Many schools have different funding deadlines than application deadlines. Call the department office to ask when funding decisions are made and turn in your application before the funding decision date. Funding may come from assistantships, scholarships or grants. Look at all your options.

Departmental and University-wide Fellowships

  • Mention that you are seeking funding in your personal statement.
  • Mention identity markers that may make you eligible for specialized funding (ethnicity/race, gender, sexual orientation, transgender status, disability status, international status, rural and/or low income background).
  • Check any relevant boxes on your application form.
  • Check department websites for specific application instructions (if any).

Grants and Scholarships

  • Go to Petersons.com and click on the "Paying for School" tab.

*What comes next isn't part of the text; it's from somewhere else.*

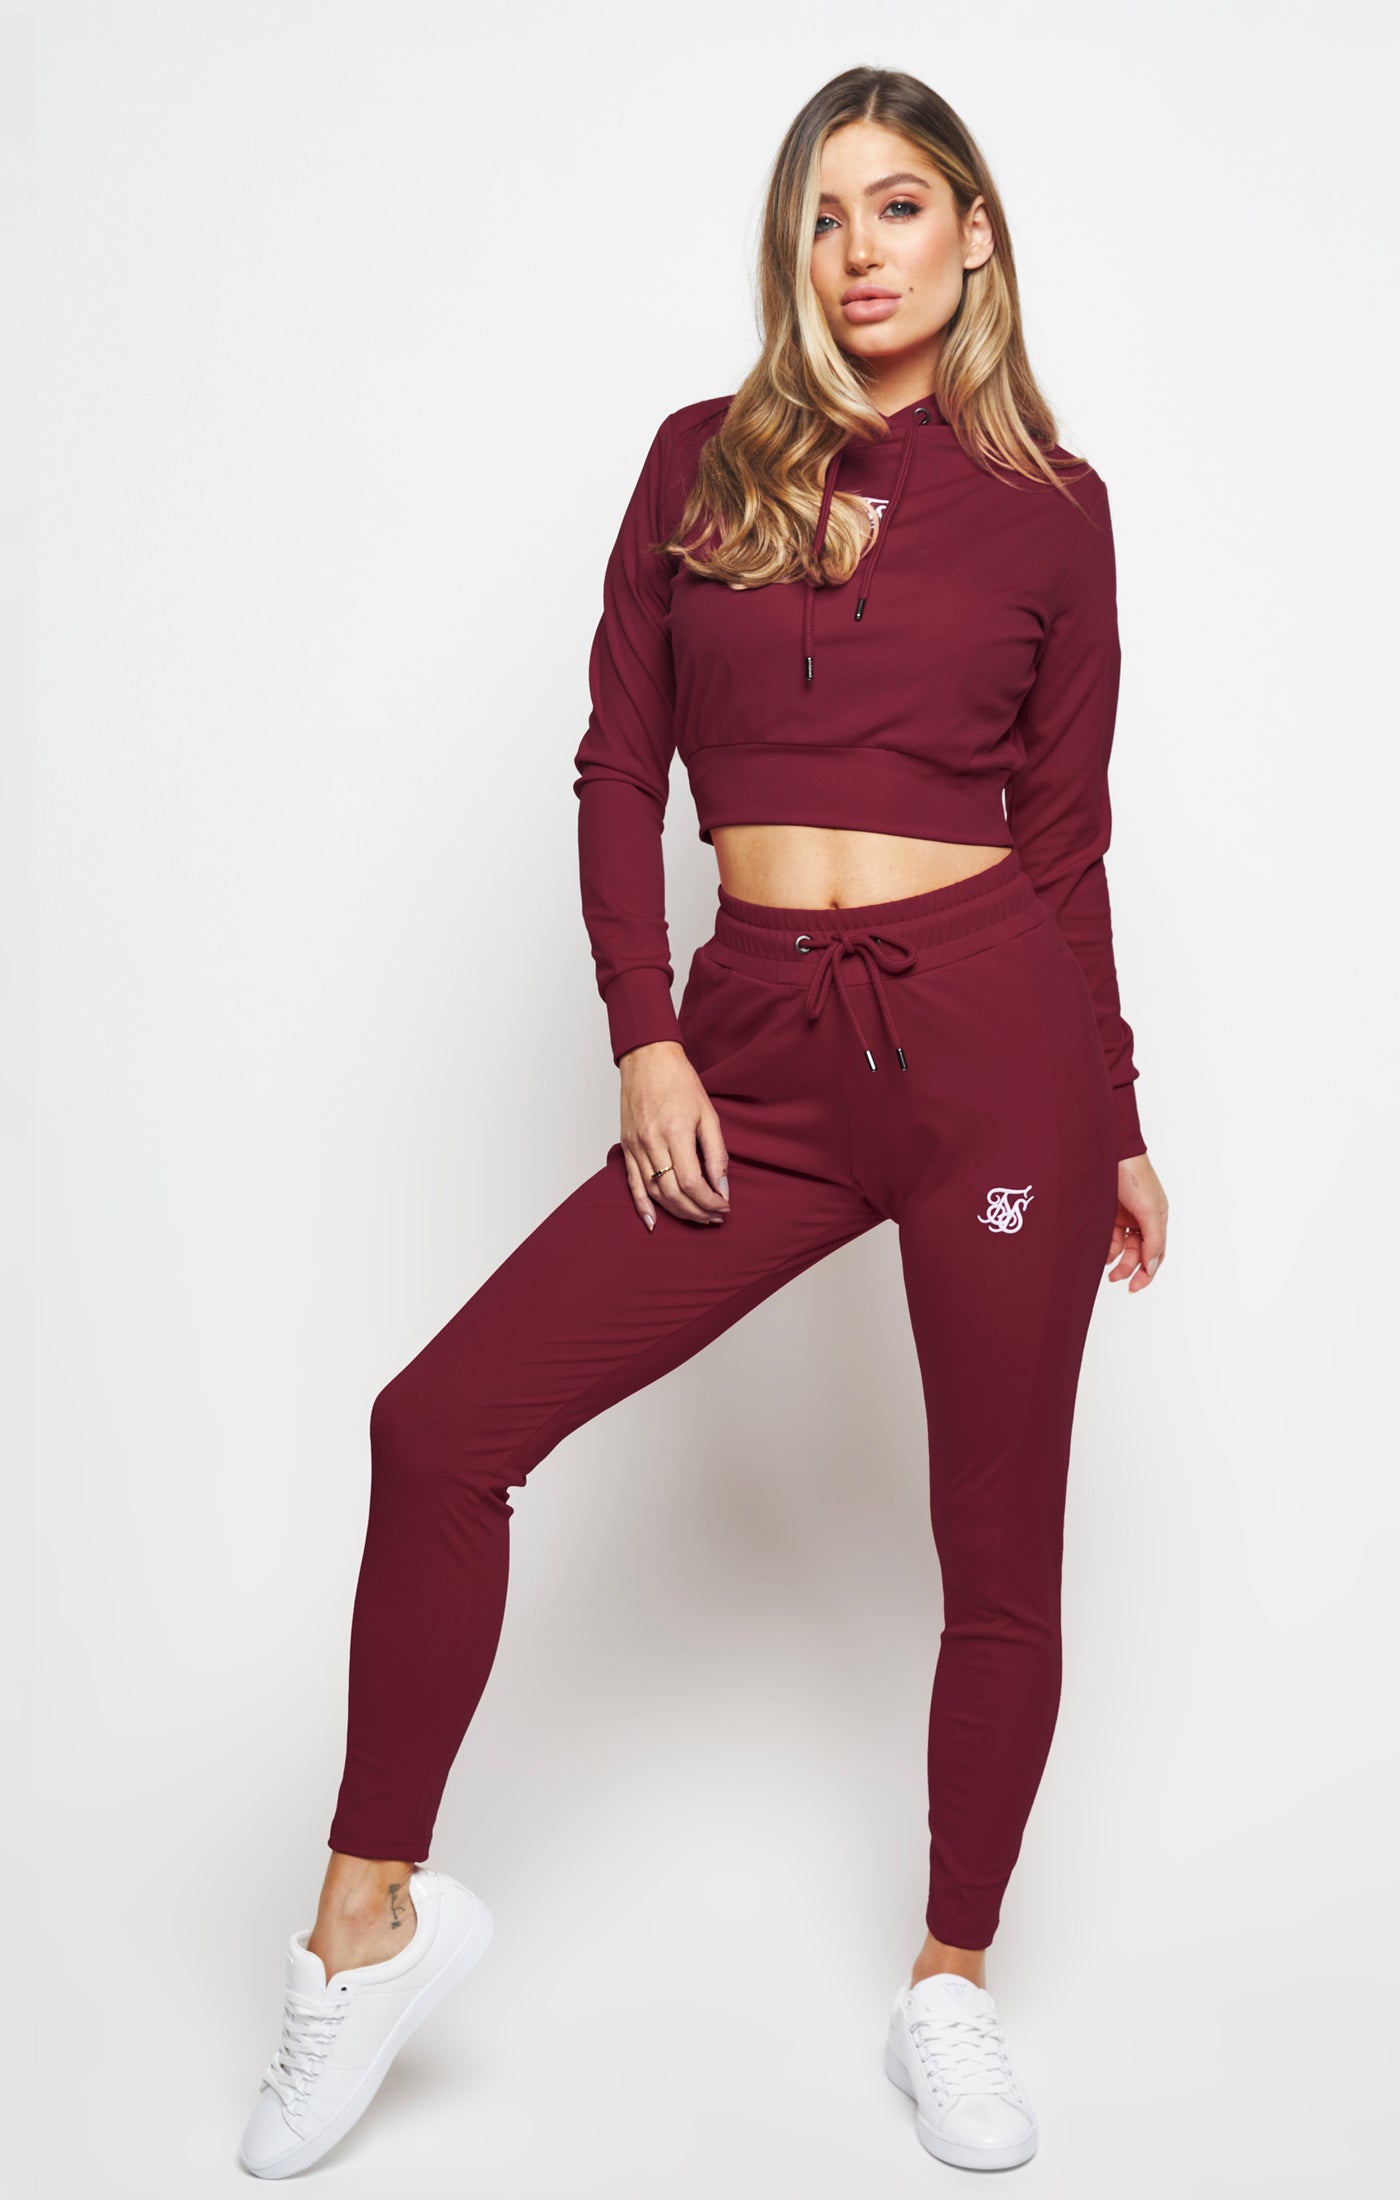 Load image into Gallery viewer, SikSilk Zonal Track Top - Burgundy (3)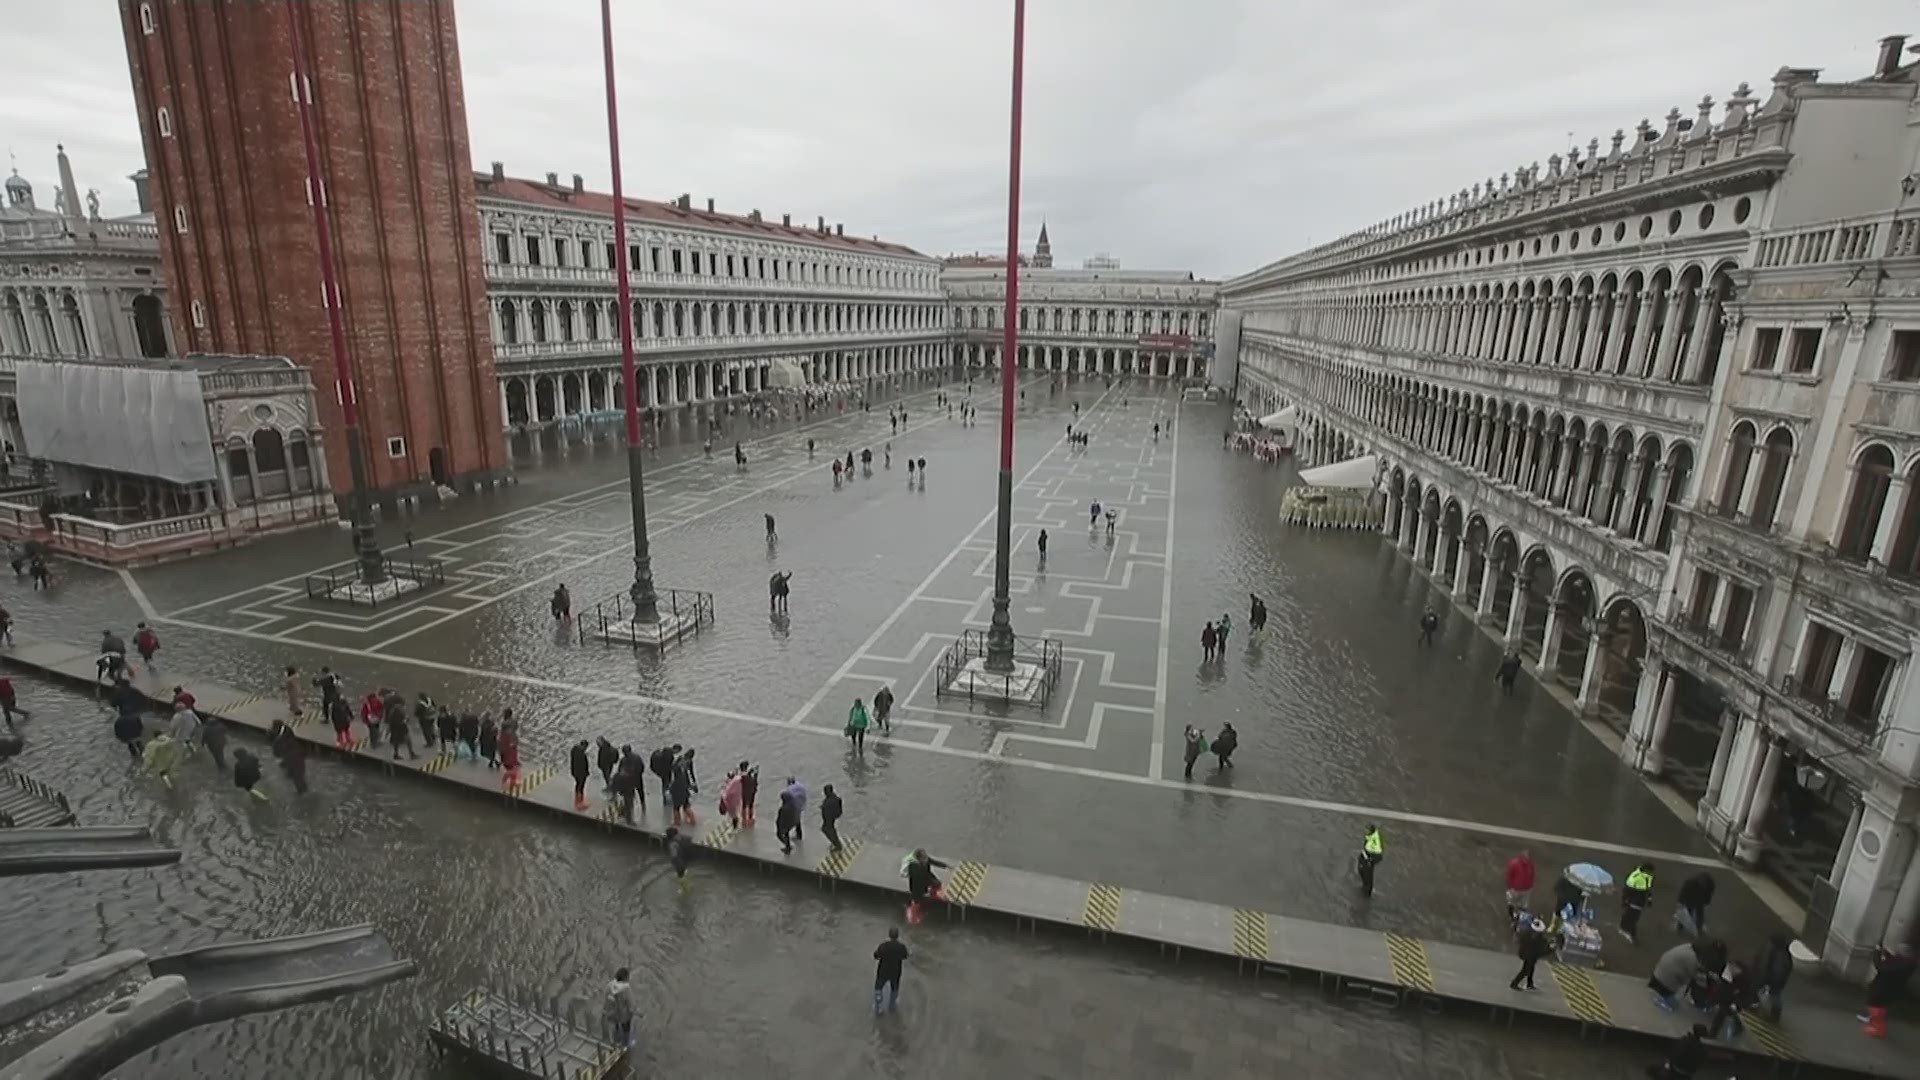 Tourists and Venetians alike have donned high boots and taken to raised walkways to slosh through the high water. (AP)

Follow instructions.
  • Mention that you are seeking funding in your personal statement.
  • Mention identity markers that may make you eligible for specialized funding (first generation in college, ethnicity/race, gender, sexual orientation, transgender status, disability status, international status, rural and/or low income background).
  • Check any relevant boxes on your application form.
  • Check department websites for specific application instructions (if any).

Assistantships

Assistantships are financial assistance programs provided to graduate students through academic employment.

  • Check with individual department for specific information about possible assistantships available.
  • An additional application may be required - check deadlines and requirements.